Overall Distance Error Between Checkpoints and Samples

There are two sorted streams by timestamp.

The first stream contains a small set of ground truth checkpoints.

The second stream contains noisy measured samples.

For each sample, compute its error by:

locating the surrounding checkpoints in time,
interpolating the expected position at that timestamp,
computing the distance error between the expected position and the sample position.

Return the sum of the distance errors for all valid samples.

Method Signature

double computeOverallErrorMetric(List<String> checkpoints, List<String> samples)

checkpoints[i] = "timestamp,x,y" represents one ground truth checkpoint.
samples[i] = "timestamp,x,y" represents one measured sample.
checkpoints is sorted in strictly increasing order of timestamp.
samples is sorted in non-decreasing order of timestamp.
Return the total distance error over all valid samples.
Answer will contain at max two decimal places, rest will be truncated.

Input Format

Each checkpoint string has the format "timestamp,x,y".

Each sample string has the format "timestamp,x,y".

timestamp is the time of the point.

x and y are the 2D coordinates of the point.

Rules

To evaluate one sample at time t:

Find the checkpoint immediately before or at t.
Find the checkpoint immediately after or at t.
If t exactly matches a checkpoint time, the expected position is that checkpoint position.
If t lies strictly between two checkpoints, linearly interpolate the expected x and y values independently.
The distance error for the sample is the Euclidean distance between the expected position and the sample position.
If a sample timestamp is outside the checkpoint range, ignore that sample and add 0 for it.

Interpolation

Suppose the surrounding checkpoints are (t1, x1, y1) and (t2, x2, y2), and the sample timestamp is t where t1 ≤ t ≤ t2.

Since checkpoint timestamps are strictly increasing, t1 < t2 whenever t lies strictly between two checkpoints.

In that case:

expectedX = x1 + (x2 - x1) * (t - t1) / (t2 - t1)

expectedY = y1 + (y2 - y1) * (t - t1) / (t2 - t1)

Distance Error

If the expected position is (expectedX, expectedY) and the sample position is (sampleX, sampleY), then:

distance = sqrt((expectedX - sampleX) * (expectedX - sampleX) + (expectedY - sampleY) * (expectedY - sampleY))

Constraints

2 ≤ checkpoints.size() ≤ 10^5
0 ≤ samples.size() ≤ 10^5
Each checkpoint or sample string contains exactly three comma-separated values: timestamp,x,y
0 ≤ timestamp ≤ 10^8
-10^6 ≤ x, y ≤ 10^6
checkpoints is sorted in strictly increasing order of timestamp
samples is sorted in non-decreasing order of timestamp

Examples

Example 1

computeOverallErrorMetric(checkpoints = ["0,0,0", "10,10,0"], samples = ["5,6,0", "10,10,0"])

Output: 1.0

Explanation:

For sample "5,6,0", the surrounding checkpoints are "0,0,0" and "10,10,0".

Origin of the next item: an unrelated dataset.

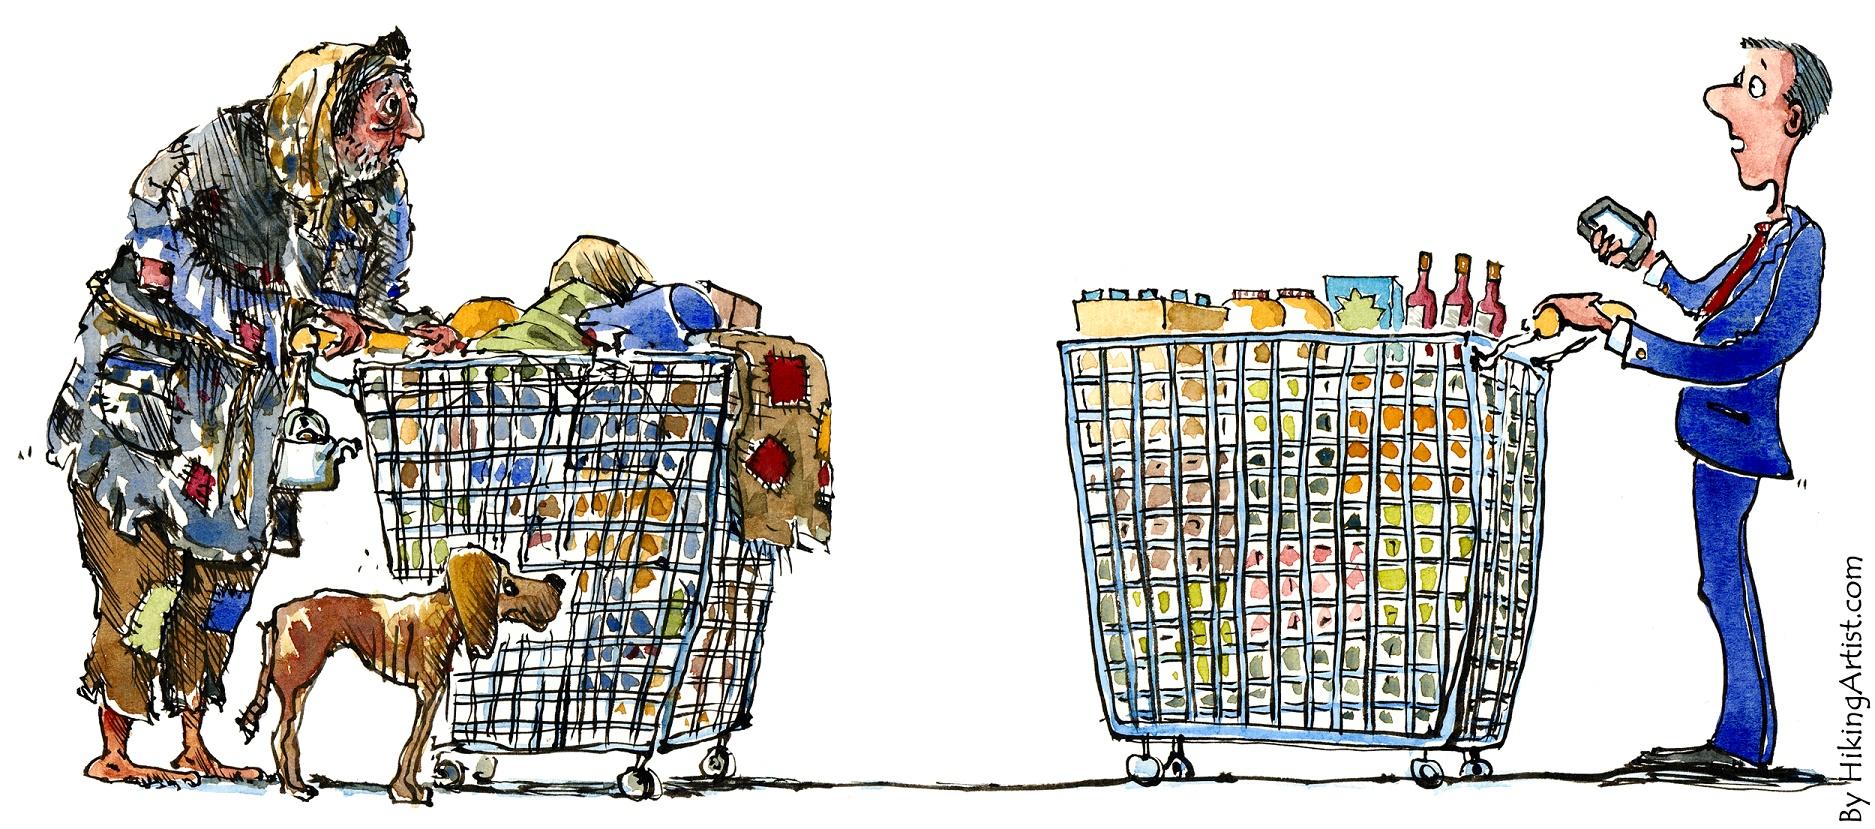 desigualdade/ Frits Ahlefeldt -Laurvig

The expected position at time 5 is (5, 0).

The sample position is (6, 0), so the distance error is 1.0.

For sample "10,10,0", the sample time exactly matches a checkpoint time, so the expected position is (10, 0).

The distance error is 0.0.

Total error = 1.0 + 0.0 = 1.0.

Example 2

computeOverallErrorMetric(checkpoints = ["0,0,0", "10,10,10"], samples = ["0,0,0", "2,2,3", "8,8,8"])

Output: 1.0

Explanation:

For sample "0,0,0", the sample time exactly matches the first checkpoint, so the distance error is 0.0.

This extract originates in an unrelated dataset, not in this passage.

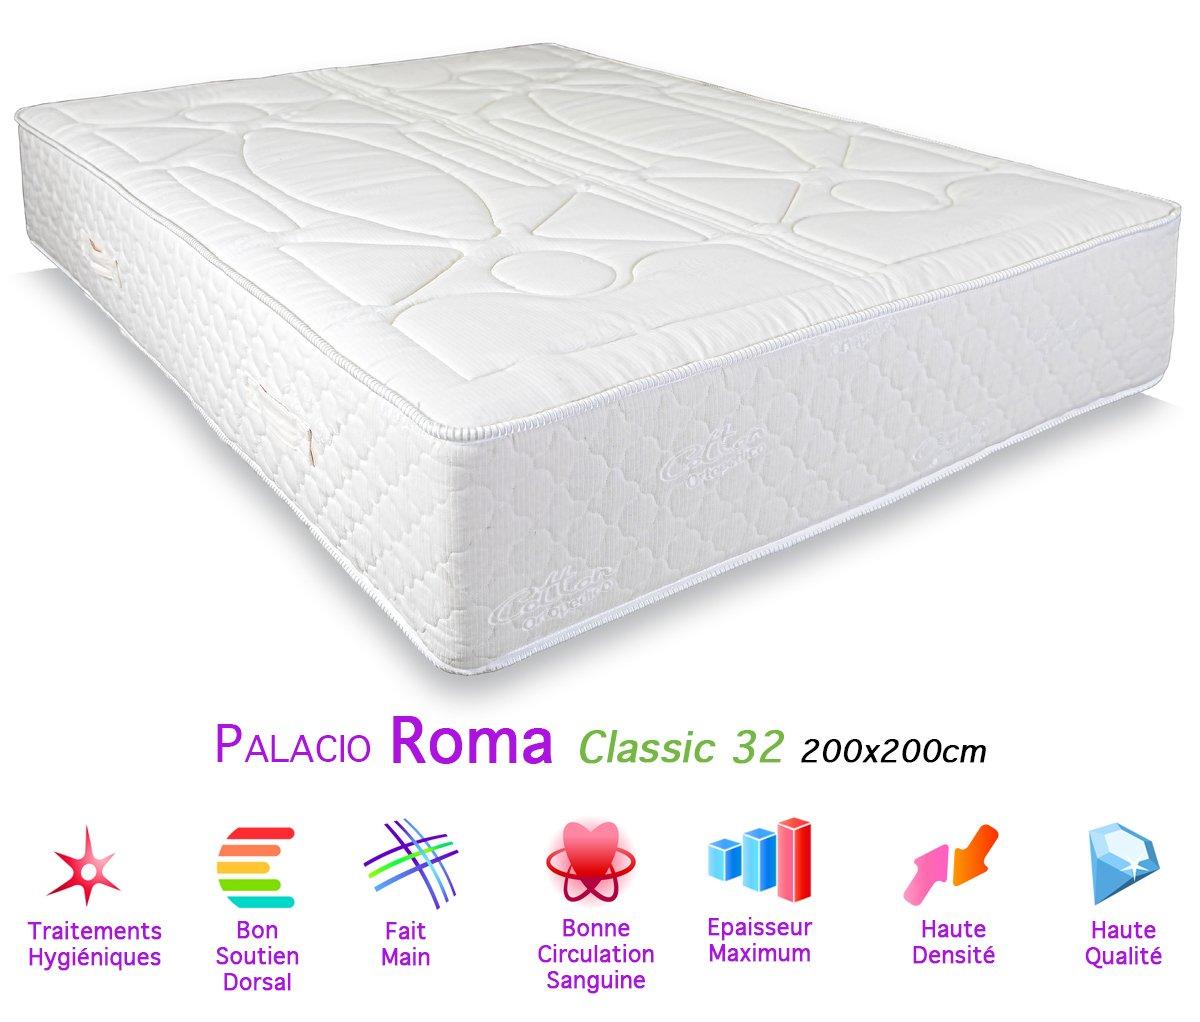 Palacio Roma Classic 32 Matratze, 200 x 200 cm günstig bestellen

For sample "2,2,3", the expected position at time 2 is (2, 2).

The sample position is (2, 3), so the distance error is 1.0.

For sample "8,8,8", the expected position at time 8 is (8, 8).

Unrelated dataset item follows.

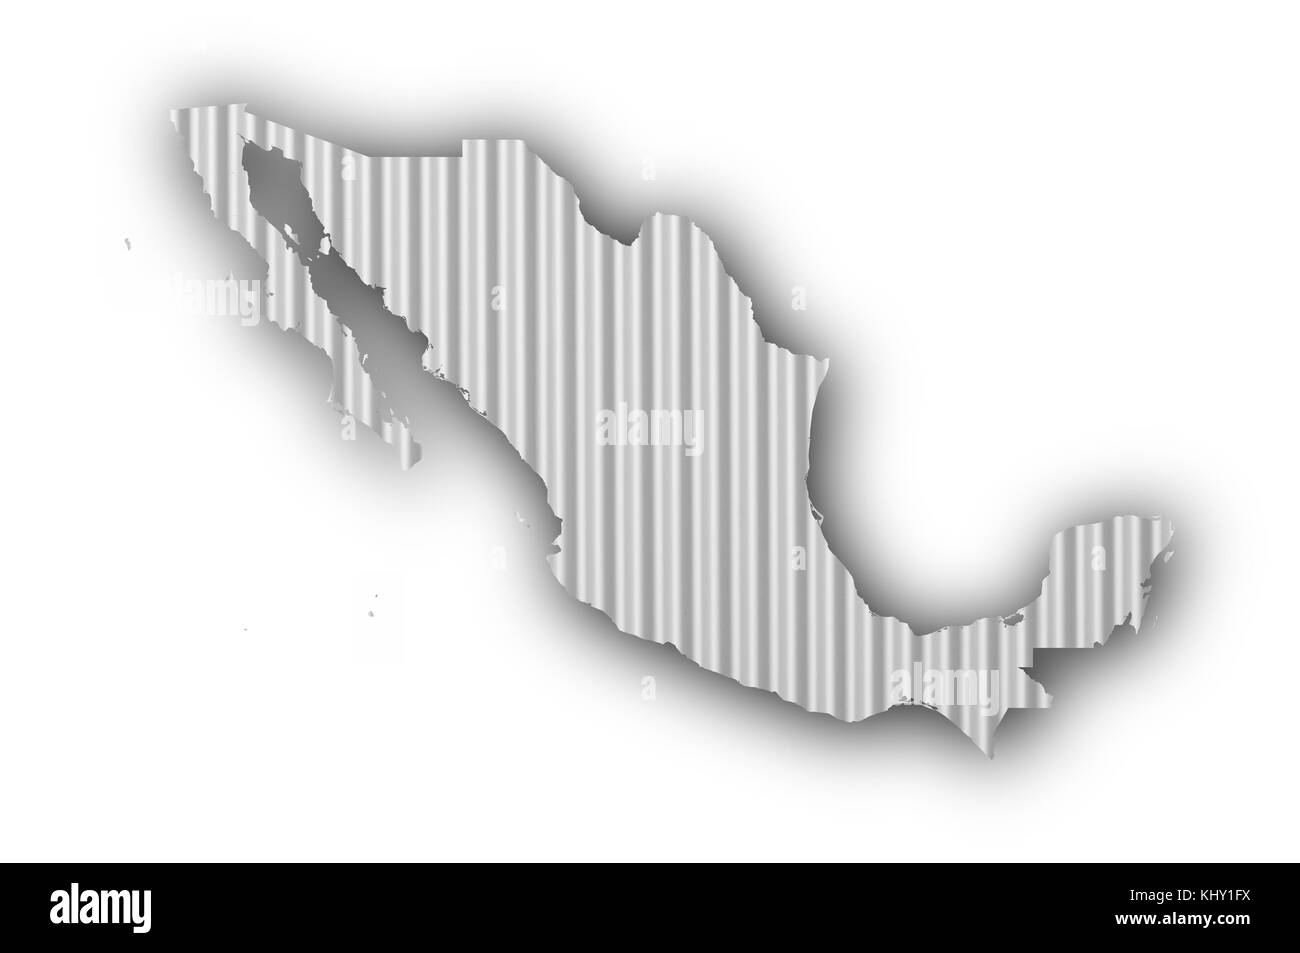 Map of Mexico on corrugated iron - Stock Image

The sample position is also (8, 8), so the distance error is 0.0.

Total error = 1.0.

Example 3

computeOverallErrorMetric(checkpoints = ["10,0,0", "20,10,0"], samples = ["5,100,100", "15,6,0", "25,1,1"])

Output: 1.0

Explanation:

Sample "5,100,100" is before the first checkpoint time, so it is ignored.

Sample "15,6,0" lies between "10,0,0" and "20,10,0".

The expected position at time 15 is (5, 0).

The sample position is (6, 0), so the distance error is 1.0.

Sample "25,1,1" is after the last checkpoint time, so it is ignored.

Total error = 1.0.